Outras teses afirmam que os Guaranis seriam responsáveis pela construção do Caminho do Peabiru, mas não há nenhuma evidência nesse sentido. Eles não tinham infraestrutura pra fazer uma obra desse tamanho, tampouco a expertise para elaborar um projeto de engenharia com tamanha sofisticação. O único povo que alcançou esse grau de desenvolvimento, foram os Incas. E o mesmo padrão de canais em rede, pode ser observado por entre a cordilheira.

Porém, o rumo das coisas foi alterado com a invasão espanhola. Com os espanhóis chegou a  destruição de tudo o que eles construíram, com tanto esforço.

Mas, não totalmente.
A obra-prima que eles criaram e ofereceram ao mundo, ficou.
Assim como sua arte e sabedoria.
Sabedoria ao tirar do solo o alimento, mas sem destruí-lo.
Sabedoria em atuar em harmonia com a paisagem natural, sem tentar modificá-la.
Sabedoria ao identificar a água, como o bem mais precioso do planeta, e respeitar seus ciclos.
O império foi destruído.
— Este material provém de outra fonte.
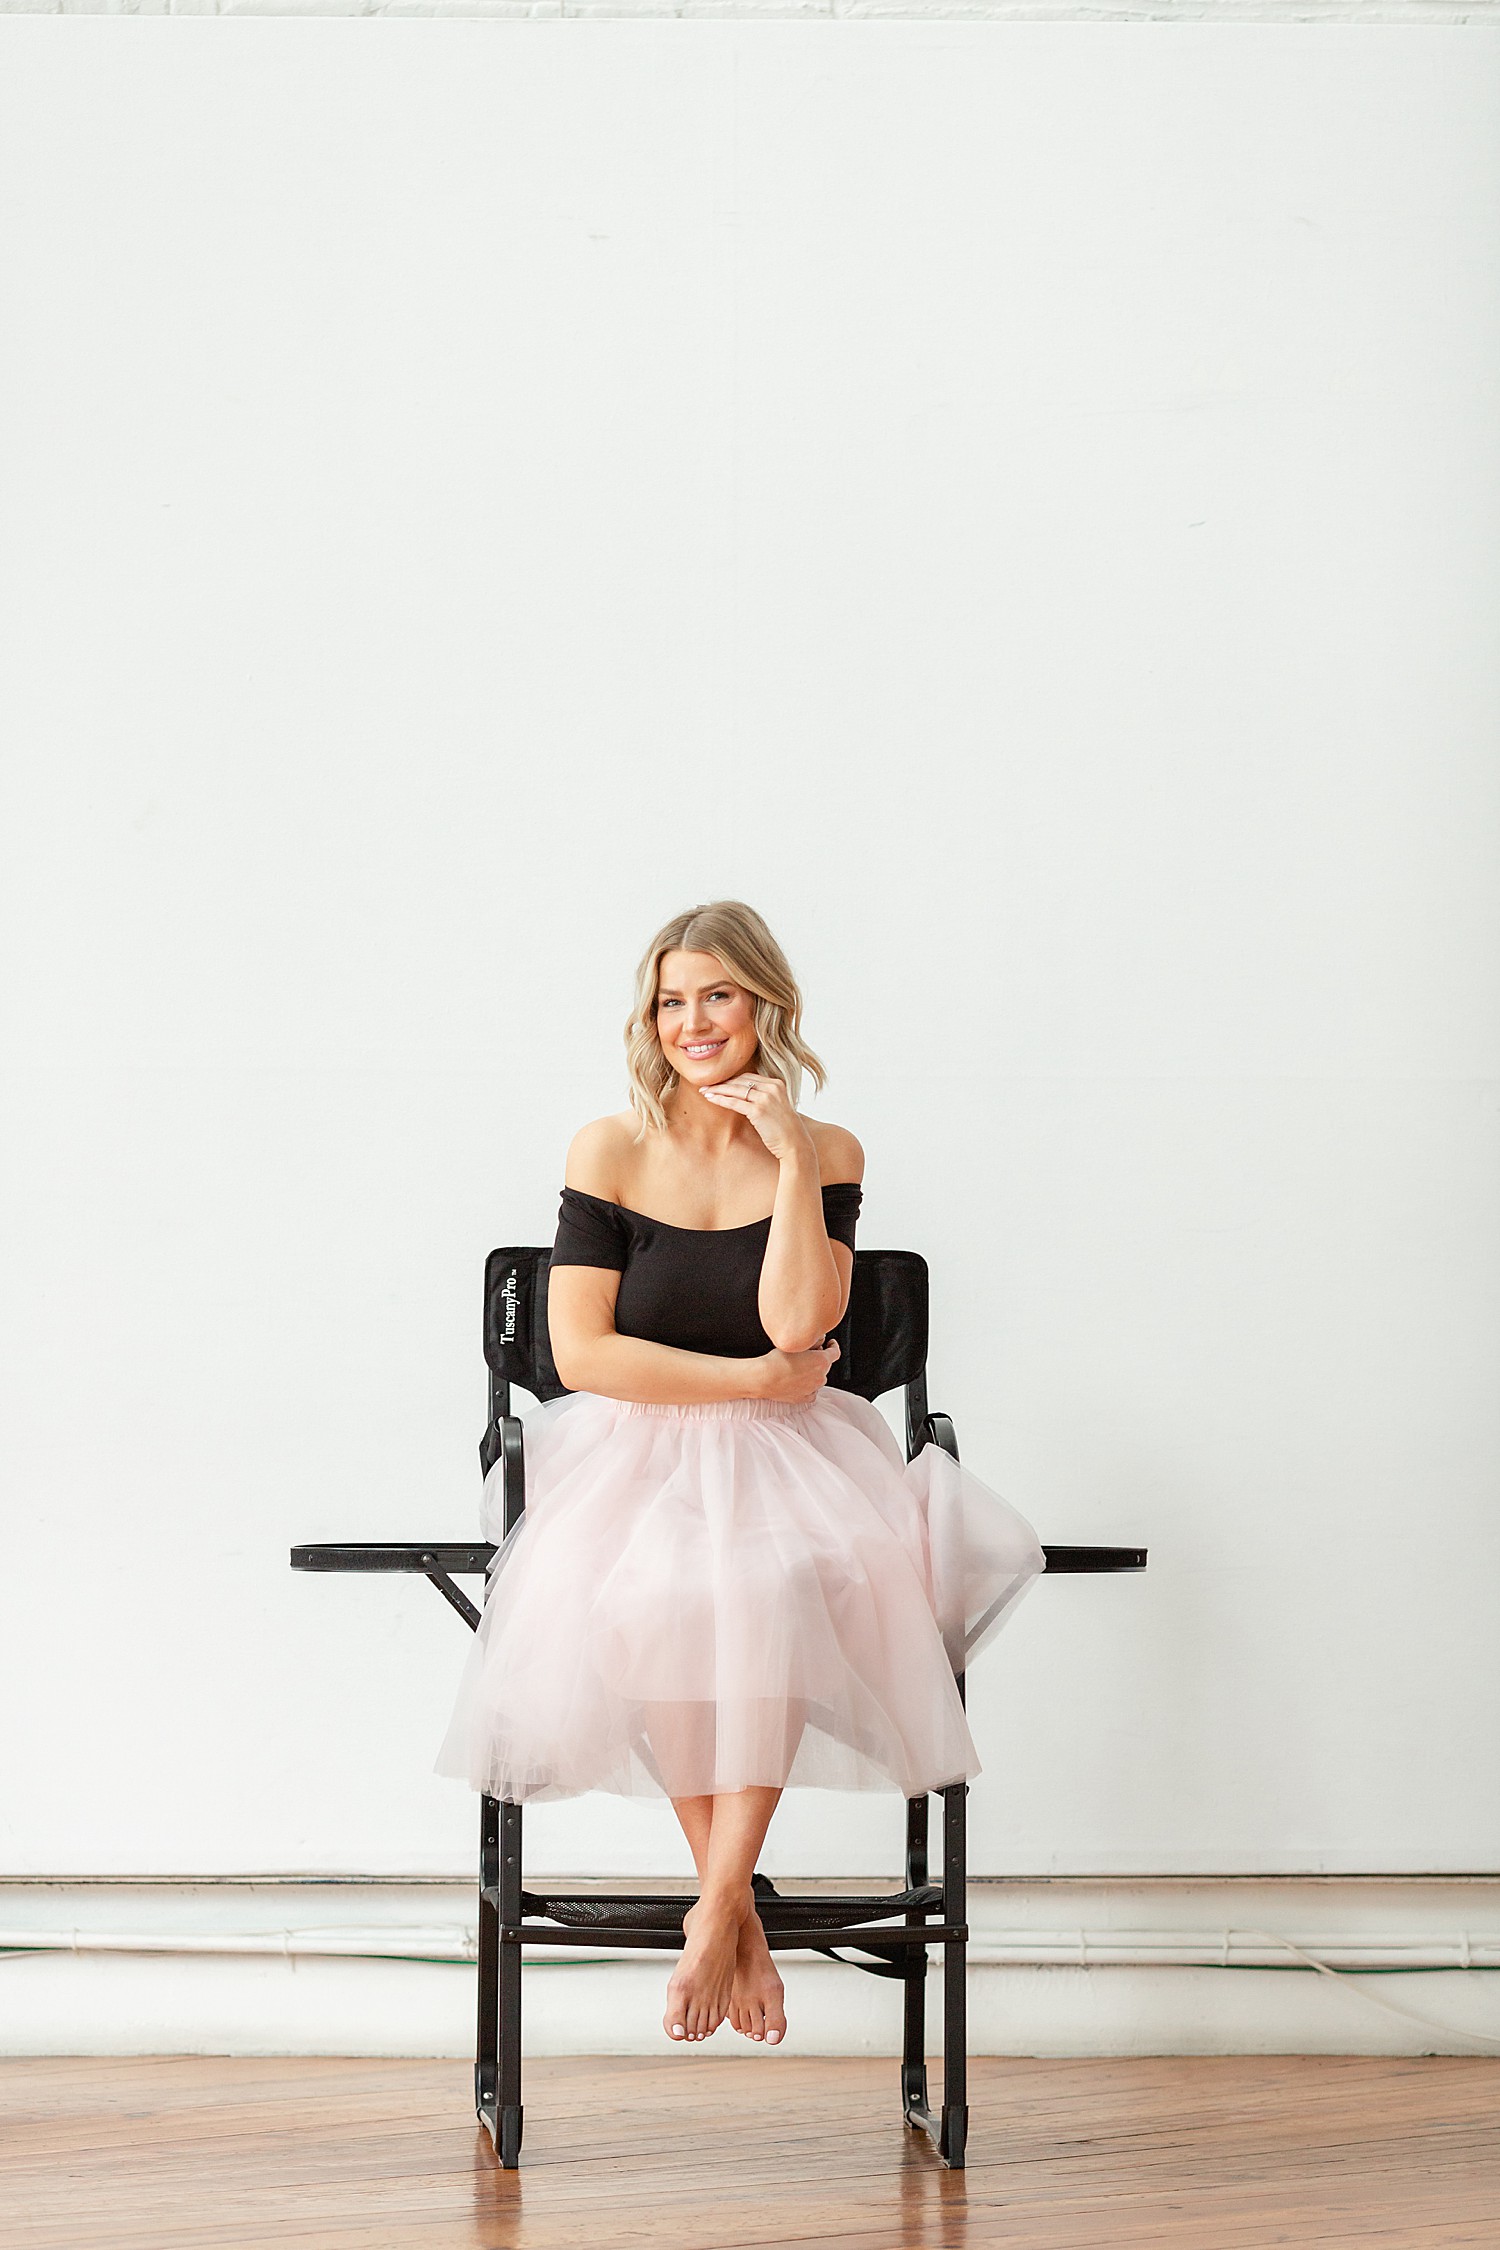 Female CEO poses in pink tutu during branding photos by Jocelyn Cruz photography

Os ensinamentos ficaram.

E uma parte preciosa dessa herança, é o Caminho do Peabiru. Grande desses canais está soterrado, escondido pela vegetação, ou destruído pela urbanização. Mas o caminho principal e alguns trechos dessa rede ainda podem ser percorridos. 

O Caminho do Peabiru e o cicloturismo

O Governo do Estado do Paraná lançou um projeto para restaurar e revitalizar essa rede de canais que corta o estado, e percorre 86 municípios paranaenses, como opção de turismo sustentável. E fazer cicloturismo no Caminho do Peabiru, é render homenagem a esse povo excepcional, que sem qualquer tipo de tecnologia para os auxiliar, diante de condições climáticas extremas, construiu o maior império das Américas e deixou lições de sustentabilidade inestimáveis para os dias de hoje.

Assim como os caminhos secundários, a rota principal também poderá ser percorrida. O cicloturismo no Caminho do Peabiru pode ser executado também no eixo principalem toda sua extensão. Com disposição e espírito de aventura, o viajante irá sair do verde da Mata Atlântica diretamente para a paisagem árida e colorida da Patagônia, até chegar nas montanhas nevadas. 

A pé, de bicicleta… carregando apenas uma mochila nas costas.

Ciclo aventura o Caminho do Peabiru. Foto: Ivan Mendes © Lobi Ciclotur

O cicloturismo no Caminho do Peabiru levará o cicloviajante até onde as rochas se encontram com o céu. Onde o condor, o pássaro gigante, faz seu voo solitário sobre a beleza plácida da paisagem que serviu de morada para uma civilização incrivelmente talentosa e misteriosa, que esculpiu nas montanhas da cordilheira, uma história. A história de um povo que desafiou todas os obstáculos e se tornou um império.